I’ve just started getting the below error message when using Juno/Atom with Julia v0.5 on Ubuntu 16.04. Worked fine yesterday, I ran a Pkg.update() today and have been having this problem ever since. I’m guessing either I’ve stuffed something up on my local machine, or else an update occured in CodeTools recently that broke things. Is anyone else seeing this problem?
Cheers and thanks, -Colin
MethodError: no method matching completions(::String, ::Type{IO}; default=false) Closest candidates are: completions(::AbstractString) at /home/colin/.julia/v0.5/CodeTools/src/completions.jl:181 got unsupported keyword argument "default" completions(::AbstractString, !Matched::Module; default) at /home/colin/.julia/v0.5/CodeTools/src/completions.jl:181
Are you on CodeTools master? Also, does this happen everytime when looking for completions or only on specific lines? It the latter, can you share those?
The latest CodeToole release that touched that code is pretty old btw, so this probably is either a bug that’s been there for quite some time or a messed up local setup.
Thanks for responding. Sorry for the delay - I didn’t open a computer all weekend.
I’ve tracked down the problem, and am not sure whether it qualifies as a bug or not…
I was working on a module which I was tentatively naming “IO”. So I had a file “…/IO/src/IO.jl”, and the first line of that file was module IO. If I open that file in Atom/Juno and then try to execute any basic line (using Ctrl+Enter in Atom), then I would immediately get an error message that didn’t seem to make much sense, but always contained Type{IO} in it somewhere.
The Type{IO} thing leapt out at me this morning and so I tried changing module name (and file-name) and now everything works just fine.
So I’m not really sure if this qualifies as a bug? Is “IO” some sort of protected combination of letters that shouldn’t be used by users, or is this indeed a bug? I’m happy to file an issue if its the latter, although would appreciate any indication as to which package github page to file the issue on.
It could cause no troubles in a stream-less environment, so the rule is “use it at own peril”. But as a “rule of thumb”, modules should have more specific names and, if someone wants to minimize future name conflicts, can even use a short prefix (e.g.
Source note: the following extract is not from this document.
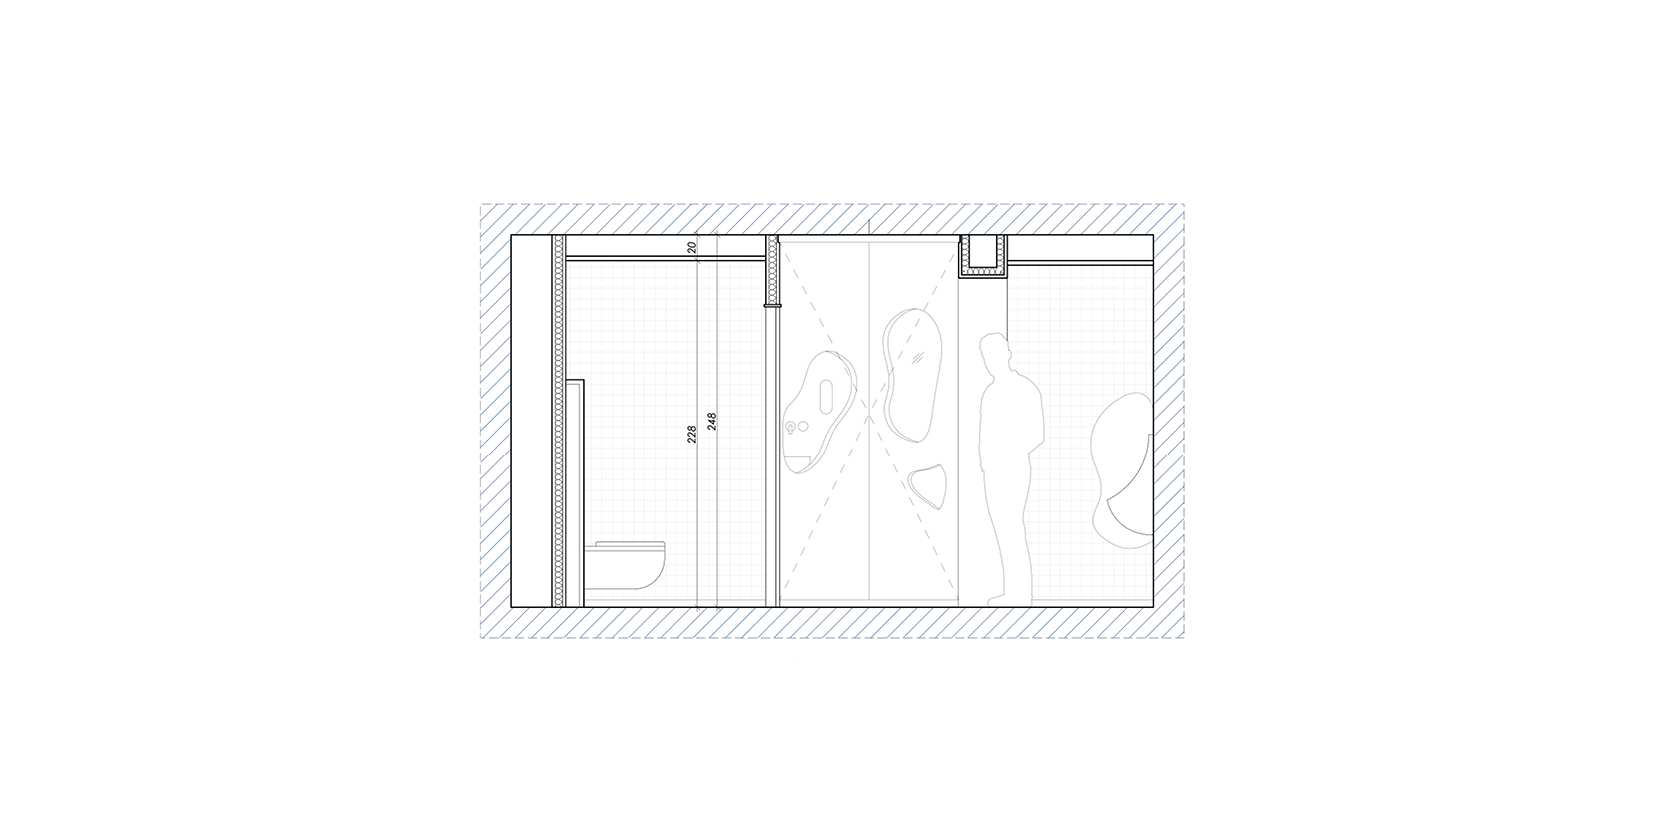 Reforma lavabos estadistica IDESCAT OCA Architects Arquitectura architecture interior design disseny interior Hernan Lleida Bernardo Garcia7

ModIO).
Right, I’d say this is in fact a bug with Juno – when you define some module with a name that is already bound to something (the abstract type IO in your case), we’ll try to get completions for everything in that module. That works, but only when the module has been evaluated once and the binding has been overwritten, so that IO is a Module.
This case should be fixed with this though – thanks for reporting it!
As a rule I would call something like this a bug regardless of best practices – because even if the error is fundamental to what a user is doing, it’s still Juno’s job to be a bit more helpful about what’s going wrong. That doesn’t change anything in this specific situation, but just a general FYI that it’s ok to make bug reports for things that are confusing.